Elsevier

Pattern Recognition Letters

Volume 79, 1 August 2016, Pages 60-67
Pattern Recognition Letters

Geometric divergence based fuzzy clustering with strong resilience to noise features

https://doi.org/10.1016/j.patrec.2016.04.013Get rights and content

Highlights

  • Development of FCM with geometric divergence measure.

  • Investigating sub-optimization problems constituting the Alternating Optimization.

  • Performance comparison with FCM and weighted FCM.

  • Detailed theoretical proof of strong resilience to noise features.

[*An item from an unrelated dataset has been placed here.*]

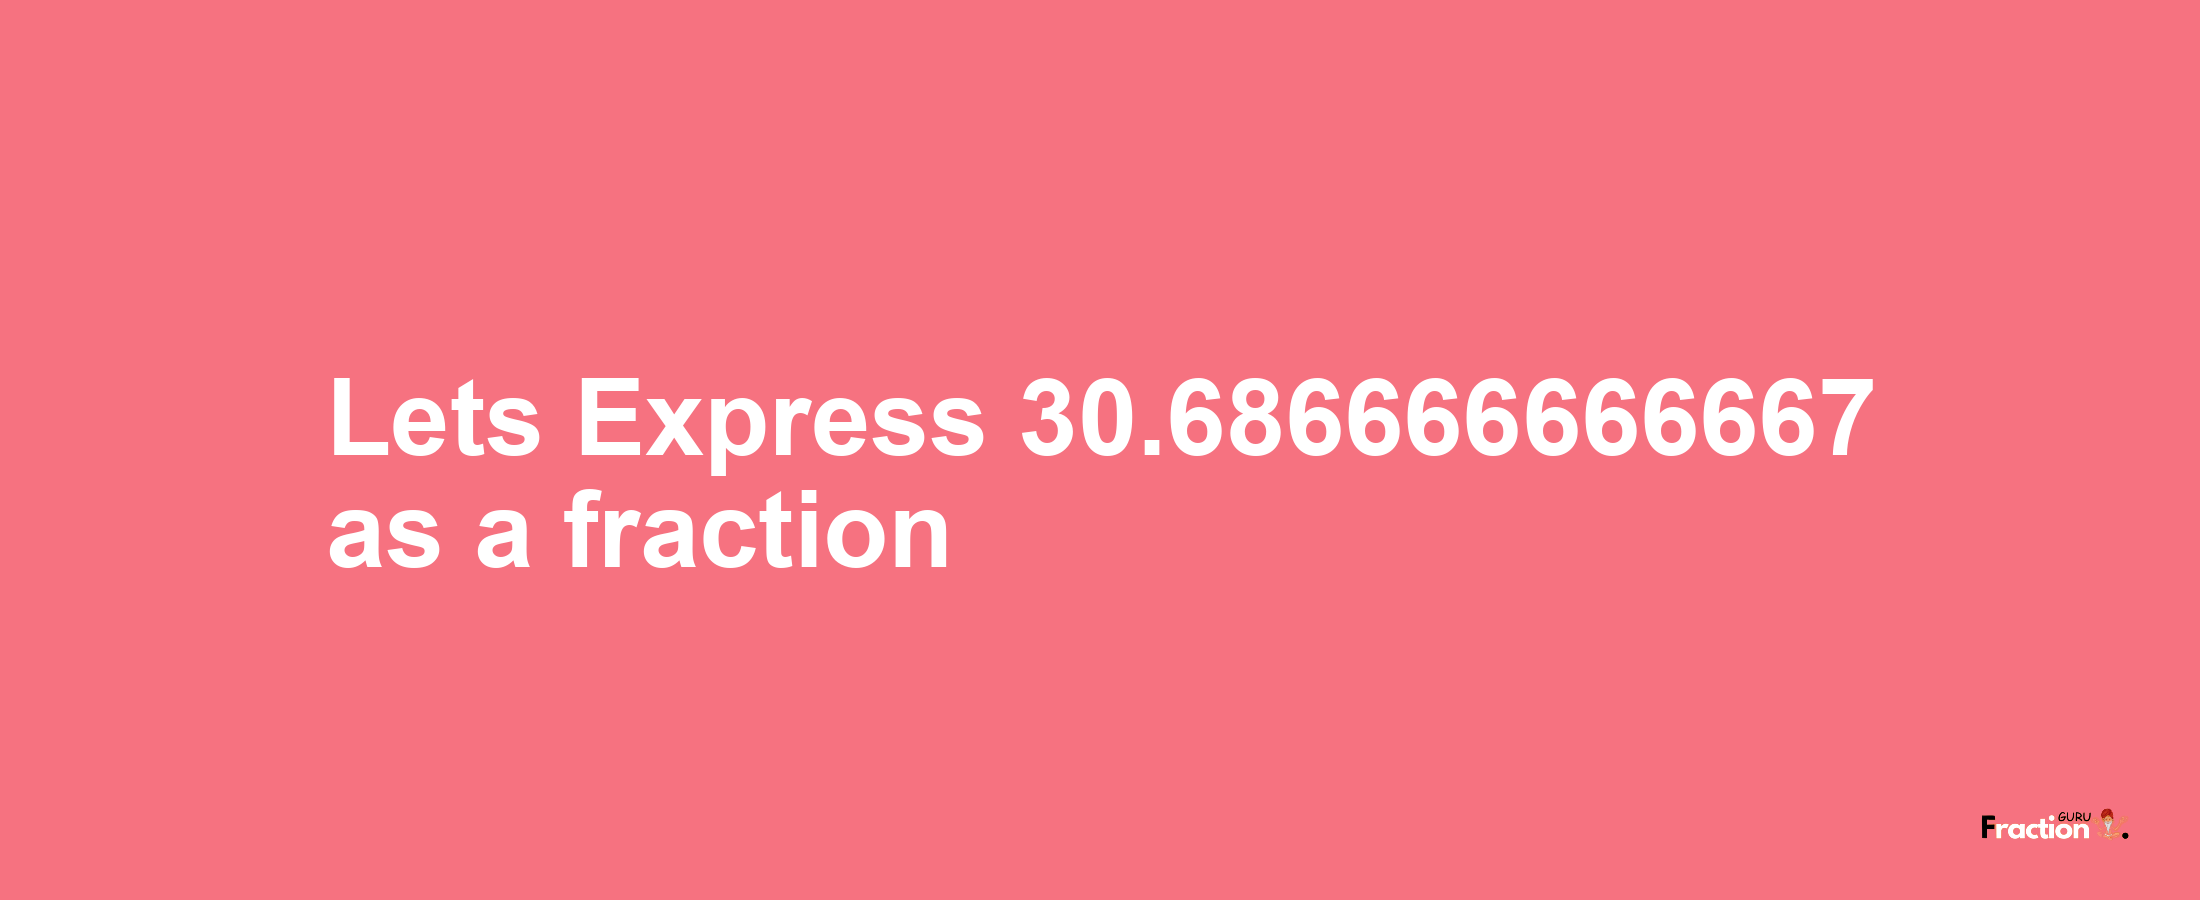 Lets Express 30.686666666667 as afraction

  • Experimental proof of strong resilience to noise features.

Abstract

In this article we consider the problem of fuzzy partitional clustering using a separable multi-dimensional version of the geometric distance which includes f-divergences as special cases. We propose an iterative relocation algorithm for the Fuzzy C Means (FCM) clustering that is guaranteed to converge to local minima. We also demonstrate, through theoretical analysis, that the FCM clustering with the proposed divergence based similarity measure, is more robust towards the perturbation of noise features than the standard FCM with Euclidean distance based similarity measure. In addition, we show that FCM with the suggested geometric divergence measure has better or comparable clustering performance to that of FCM with squared Euclidean distance on real world and synthetic datasets (even in absence of the noise features).

Introduction

Clustering is the method of unsupervised partitioning of a collection of data based on some prefixed similarity measures, such that the data belonging to the same cluster (same label) are more similar to each other, than they are to the data belonging to the other clusters. Clustering has been extensively studied across varied disciplines like decision-making, exploratory pattern-analysis, taxonomy, and machine-learning problems, including data mining, information retrieval, image segmentation, and scene understanding [13], [14].

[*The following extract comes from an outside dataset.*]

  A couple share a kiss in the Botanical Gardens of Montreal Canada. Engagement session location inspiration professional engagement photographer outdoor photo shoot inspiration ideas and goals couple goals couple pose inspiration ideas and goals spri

Data clustering algorithms come in two primary categories: hierarchical and partitional [14]. Here, we focus on a special type of partitional clustering called Fuzzy C Means (FCM) [5]. In FCM, the clusters are treated as fuzzy sets and data-points are assigned a membership in each cluster (between [0, 1]), based on their “distances” from the corresponding cluster center (the most representative point in a cluster) in the designated feature space. FCM locally minimizes an objective function which consists of a weighted sum of the dissimilarity (distance) between each data-point and cluster centers. The weight of the dissimilarity between the ith data-point and the center of the jth cluster is a “suitable” function of the membership of ith point in jth cluster.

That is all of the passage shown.